Steroid side effects

feeling a little discouraged today. After 10 months of tapering tanking and going back to 60 mg and tapering we thought we had my ITP manageable and if I took 20 mg I would slowly build up my platelet count. but the last two weeks I've dropped and so tomorrow I'm meeting with my doc and we are talking about trying Romiplspim or N-Plate. Anyone heard anything about these?
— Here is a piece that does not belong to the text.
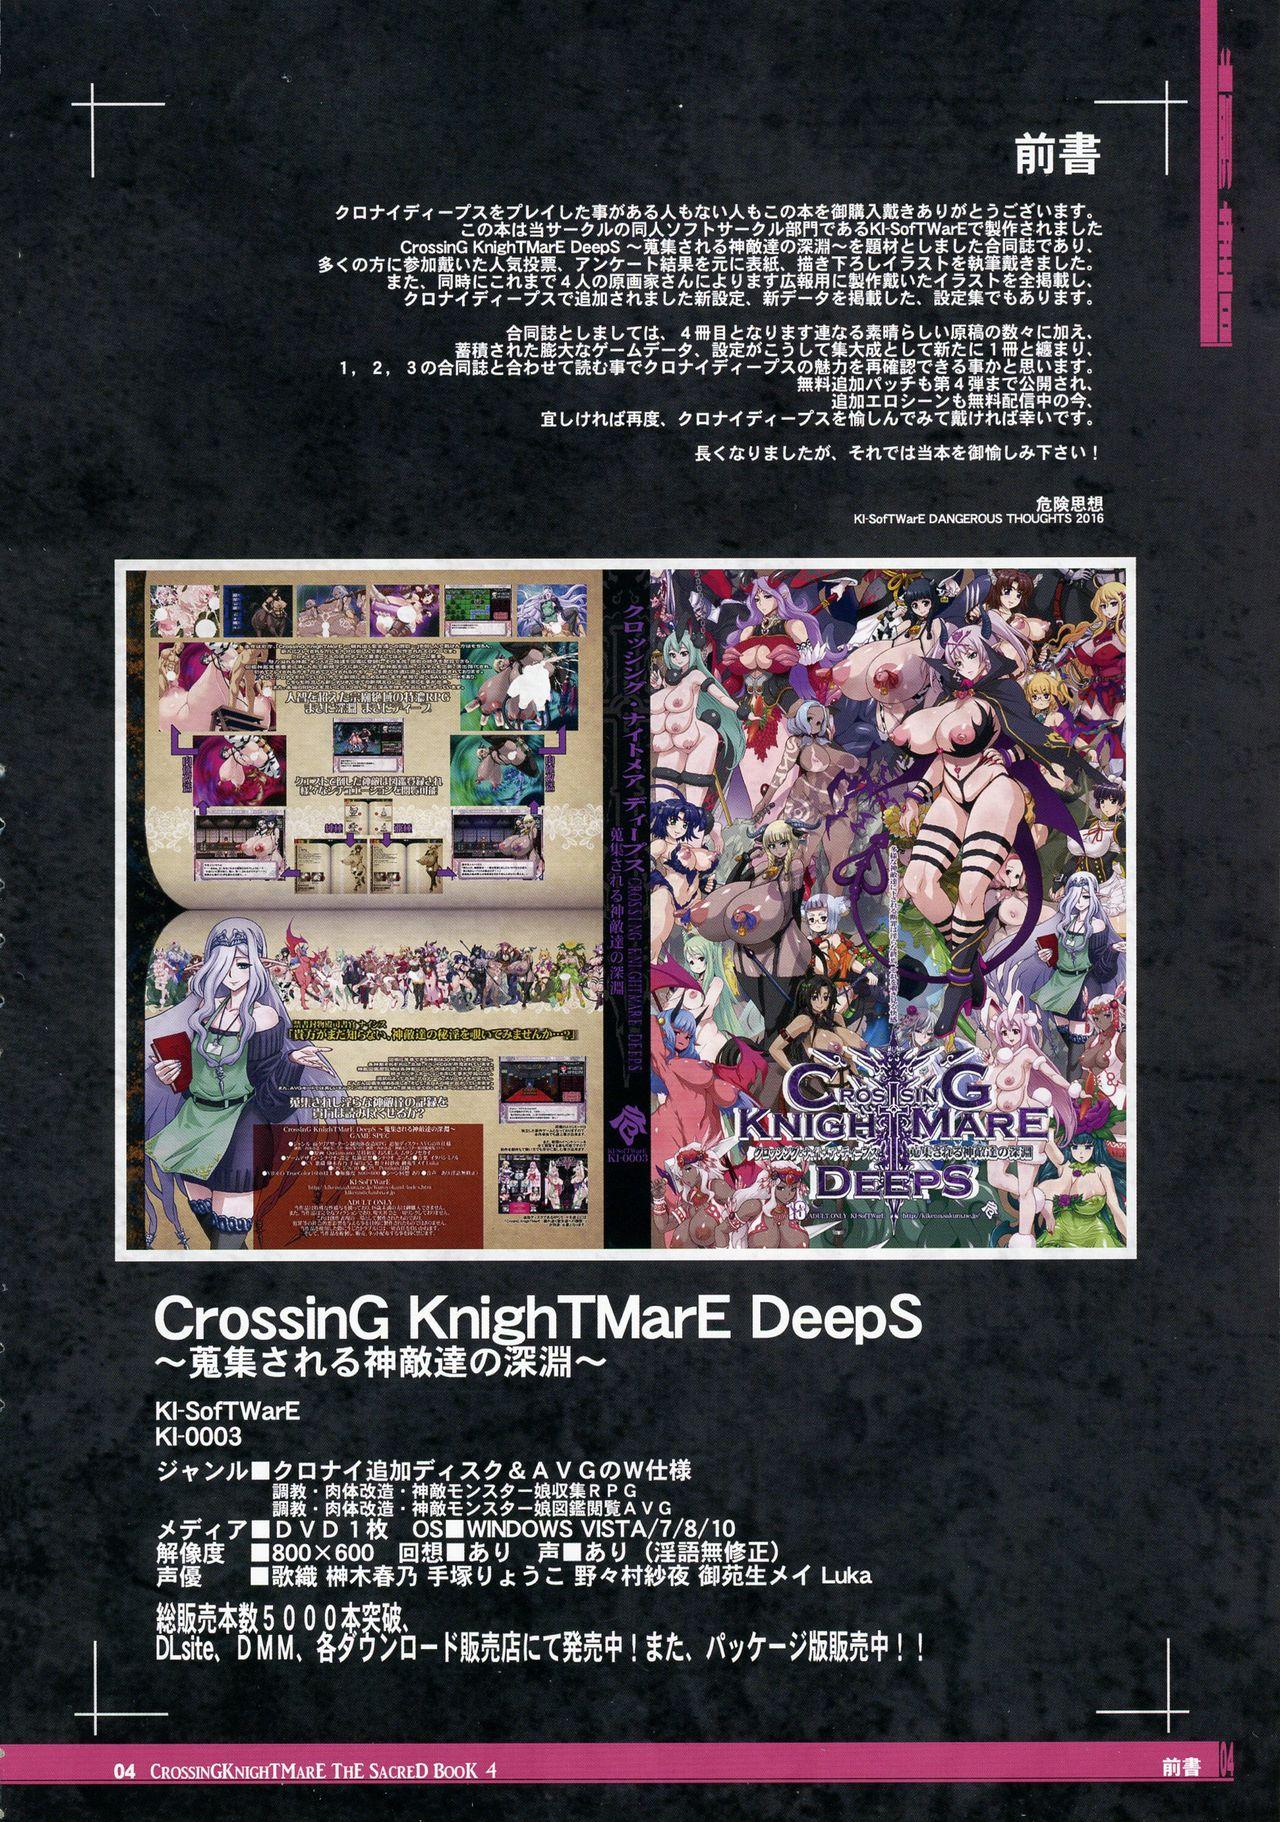 CrossinG KnighTMarE ThE SacreD BooK 4 3

Nplate is the trade name of romiplostim so it's the same thing. It works for about 80% plus of people using it and is very effective. Aim is to maintain a count of around 50 and not to get a normal count. Some, more and more it seems, are being pushed into remission by it and are able to stop treatment after some time. I would definitely get off the steroids and on to something else as steroids will cause permanent damage eventually. By the way don't be discouraged, steroids very rarely work to get a remission so it's not surprising and doesn't mean that Nplate won't work.

Which country are you in? Some countries allow self-injecting at home and some don't.
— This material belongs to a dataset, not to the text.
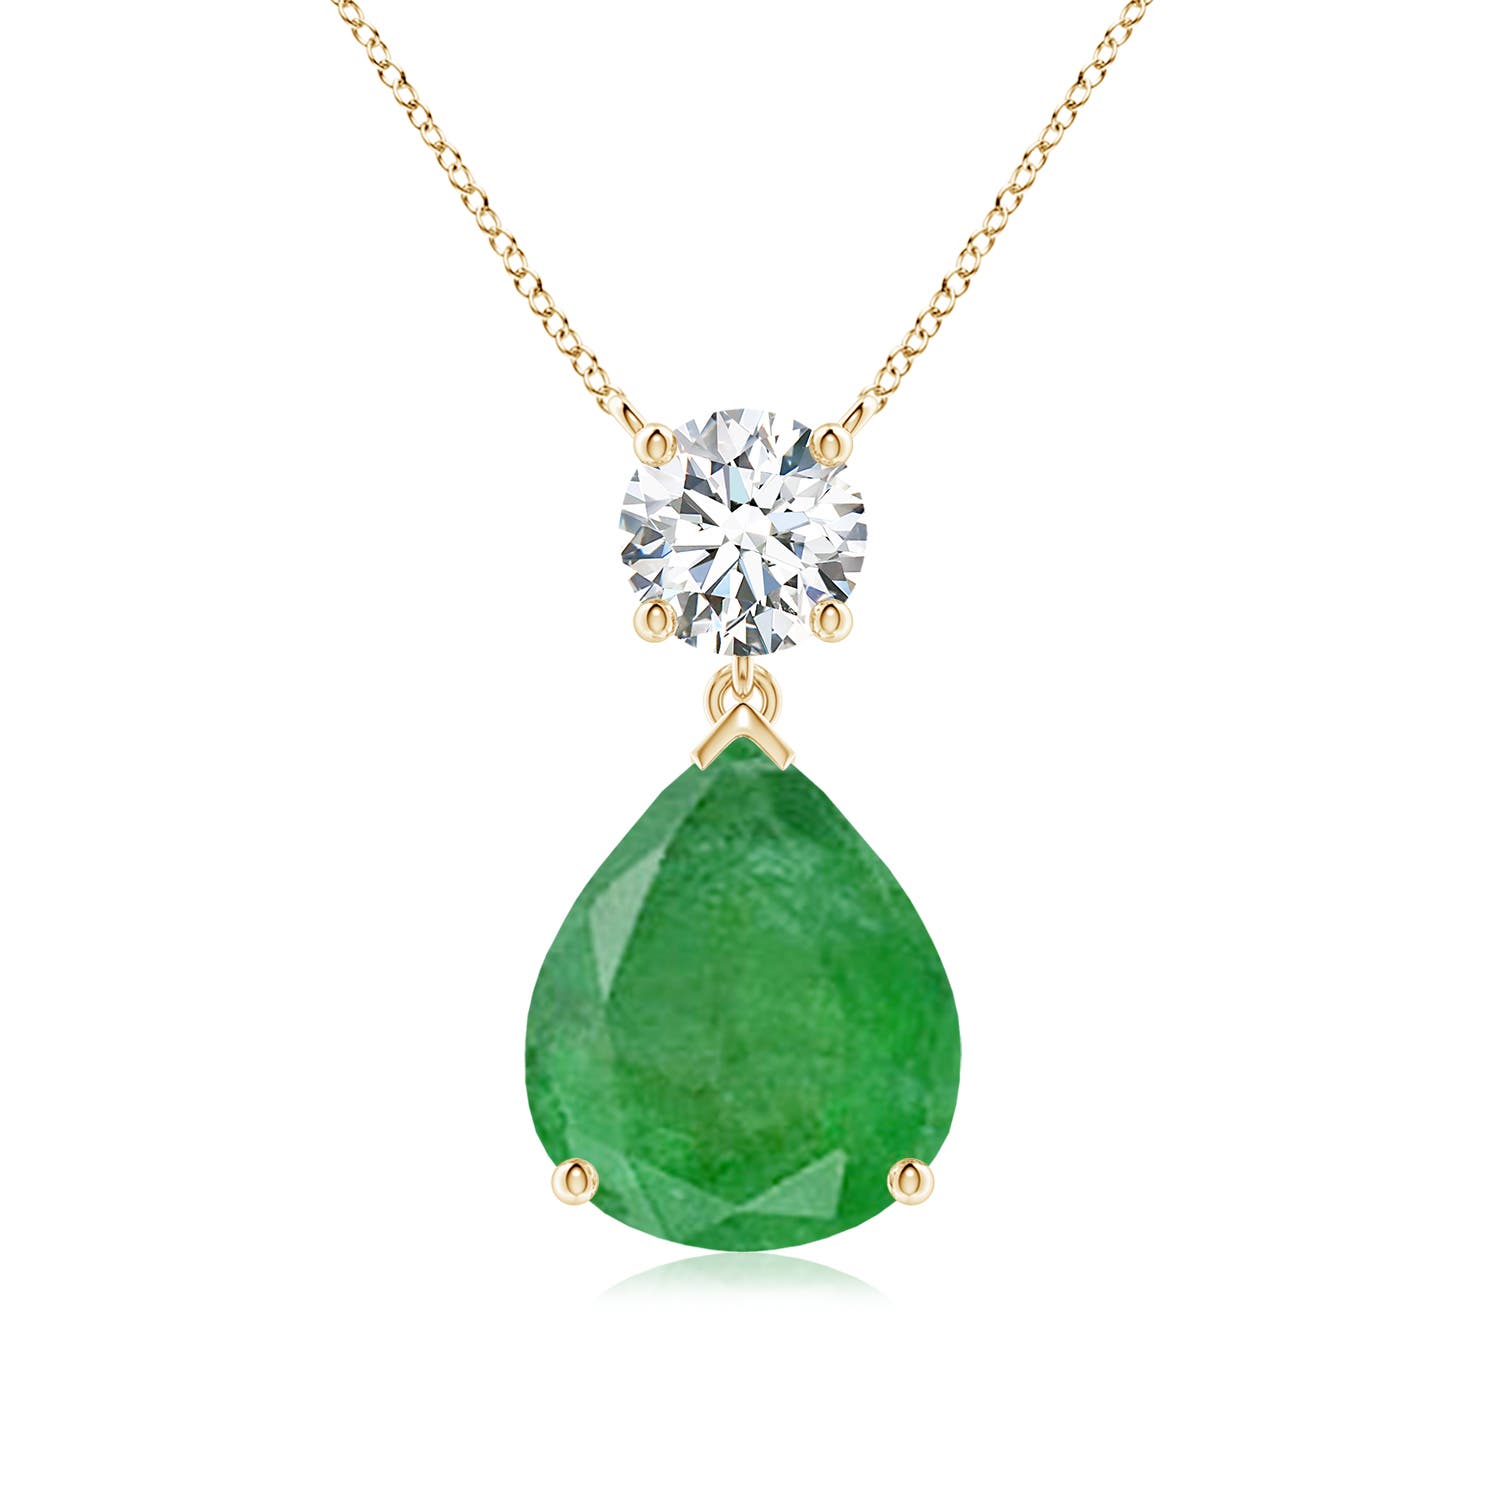 A - Emerald / 5.21 CT / 14 KT Yellow Gold

In my opinion, steriods are a waste of time and should be used as a rescue not as a treatment. They do not cause remission and make us feel horrible and hopeless. Six months of the dramatic ups and downs of doses and platelet counts. Yuck. Four days on promacta and things have been much better. Do not give up hope, move on to an actual treatment like N Plate. Good luck.

Well said Emily

Risk of severe infection from using corticsteroids:

Corticosteroid Risk Function of Severe Infection in Primary Immune Thrombocytopenia Adults.
A Nationwide Nested Case-Control Study
Guillaume Moulis , Aurore Palmaro, Laurent Sailler, Maryse Lapeyre-Mestre
Published: November 11, 2015DOI: 10.1371/journal.pone.0142217
journals.plos.org/plosone/article?id=10.1371/journal.pone.0142217

Abstract

Corticosteroid (CS)-related infection risk in immune thrombocytopenia (ITP) is unknown. The aim of this study was to assess the adjusted CS risk function of severe infection in persistent or chronic primary ITP adults. We designed a nested case-control study in the FAITH cohort. This cohort is built through the French national health insurance database named SNIIRAM and includes all treated incident persistent or chronic primary ITP adults in France (ENCePP n°4574). Patients who entered the FAITH cohort between 2009 and 2012 were eligible (n = 1805). Cases were patients with infection as primary diagnosis code during hospitalization. Index date was the date of first hospitalization for infection. A 2:1 matching was performed on age and entry date in the cohort. Various CS exposure time-windows were defined: current user, exposure during the 1/3/6 months preceding index date and from the entry date. CS doses were converted in prednisone equivalent (PEQ). The cumulative CS doses were averaged in each time-window to obtain daily PEQ dosages. Each CS exposure definition was assessed using multivariate conditional regression models. During the study period, 161 cases (9 opportunistic) occurred. The model with the best goodness of fit was CS exposure during the month before the index date (OR: 2.48, 95% CI: 1.61–3.83). The dose-effect relation showed that the risk existed from averaged daily doses ≥5 mg PEQ (vs. <5 mg: 2.09, 95% CI: 1.17–3.71). The risk of infection was mainly supported by current or recent exposure to CS, even with low doses.

...

Conclusions

This study suggests that corticosteroids were the main immunosuppressant associated with severe infection in primary ITP adults exposed to persistent treatment. Maintaining corticosteroid even at a supra-physiological dose is associated with severe infection. In contrast, the past cumulative dose does not seem to play a major role. These results sustain the use of corticosteroid-sparing agents in persistent or chronic ITP.